The UW team developed a micromolded scaffolding photoreceptor “patch” designed to be implanted under a damaged or diseased retina. In 2018, the team developed its first biodegradable polymer scaffolding with wine-glass-shaped pores to hold the photoreceptor cells in place. However, that design wasn’t optimal because it could not fit many photoreceptors in each pore.

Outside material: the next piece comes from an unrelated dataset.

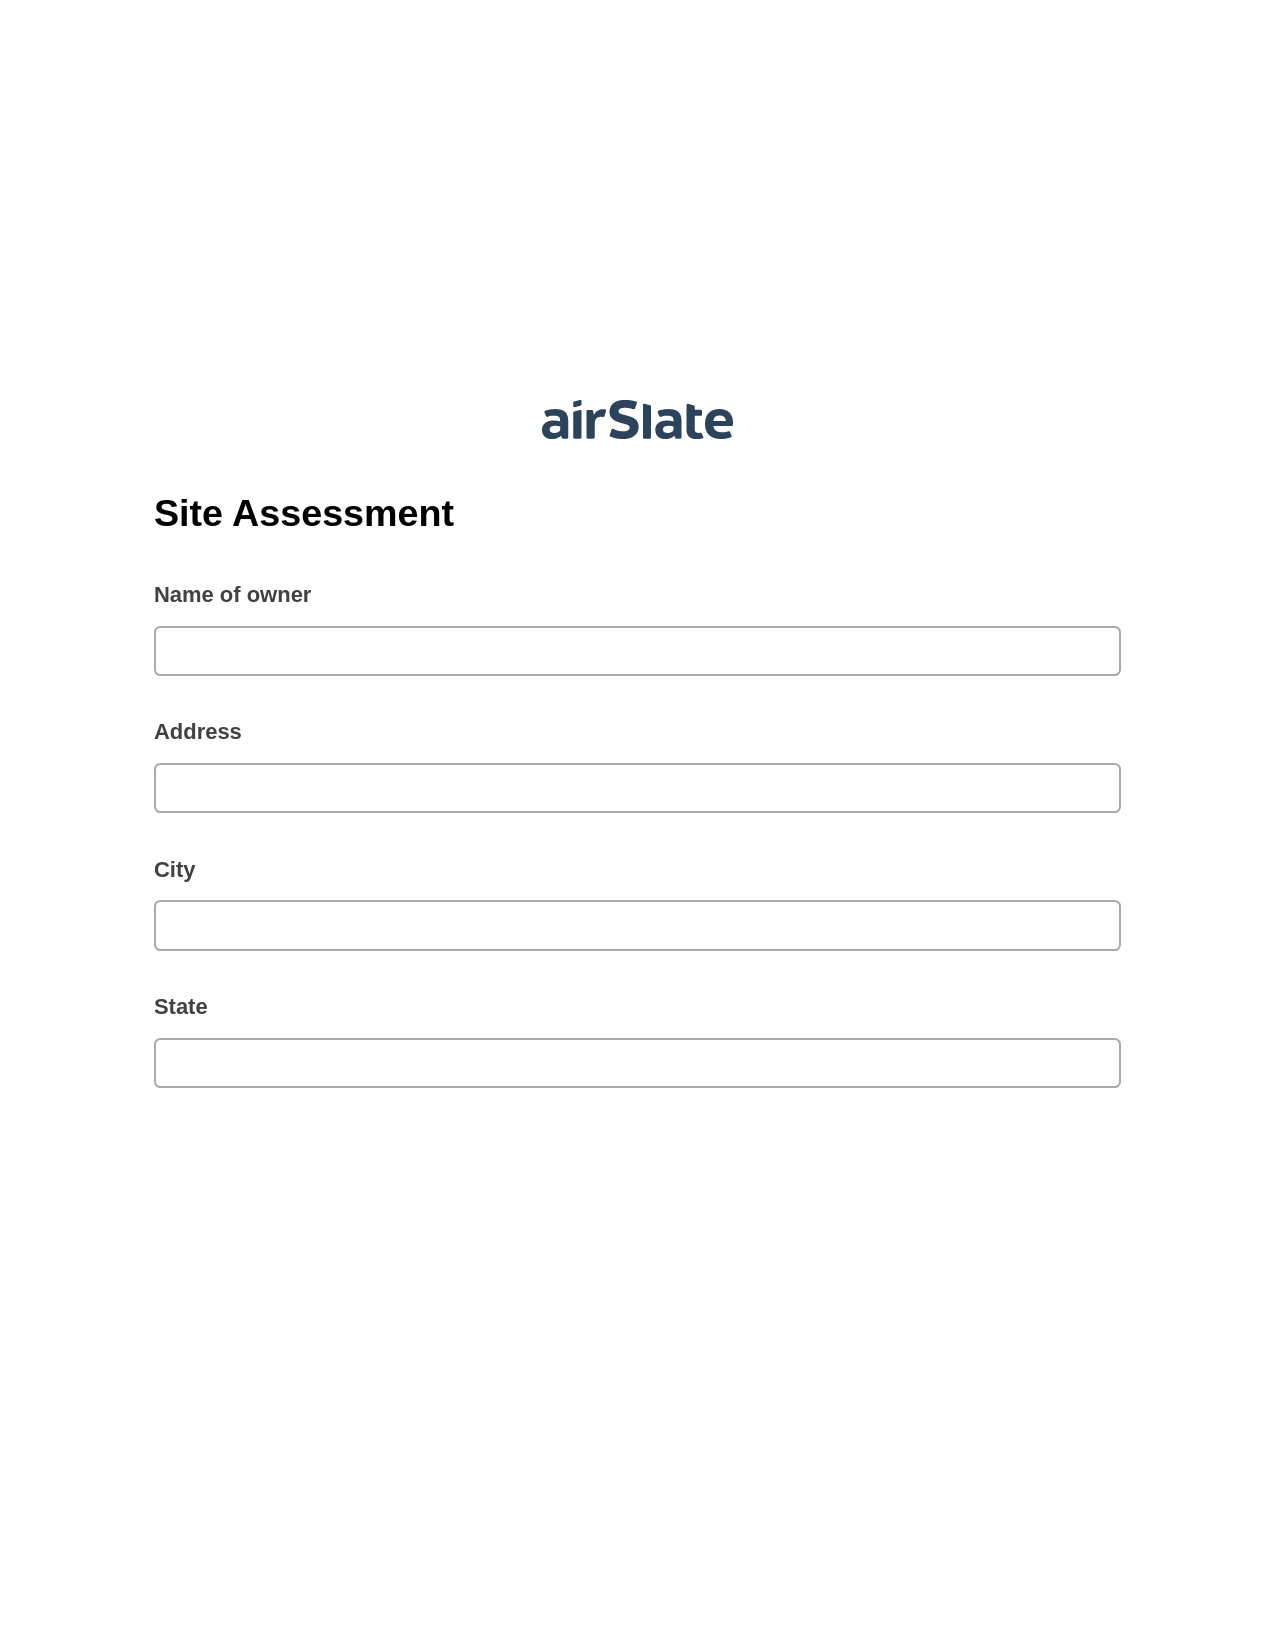 Site Assessment Pre-fill Slate from MS Dynamics 365 Records Bot, Invoke Salesforce Process Bot, Box Bot

In this second-generation scaffold, the team opted for an “ice cube tray” design, which can hold 3 times as many cells while reducing the amount of biomaterial used for the scaffolding to facilitate faster degradation of the synthetic material within the eye.

New Gene Variants Unlocking Key to MacTel

■ An analysis of thousands of genomes from people with and without the rare eye disease macular telangiectasia type 2 (MacTel) has turned up more than a dozen gene variants that are likely causing the condition to develop and worsen for a significant share of patients. The discovery by a team of scientists from Scripps Research and the Lowy Medical Research Institute, in collaboration with Columbia University in New York and UC San Diego, provides a new avenue to pursue for diagnosis and treatment. It also sheds light on fundamental aspects of metabolism in the retina. Findings appear in the journal Nature Metabolism.

MacTel is a progressive and debilitating eye disease that occurs in roughly 1 out of 5,000 people, or about 2 million people worldwide. A disease of the retina, the light-sensing tissue at the back of the eye, MacTel causes a gradual deterioration of central vision, interfering with critical tasks such as reading and driving.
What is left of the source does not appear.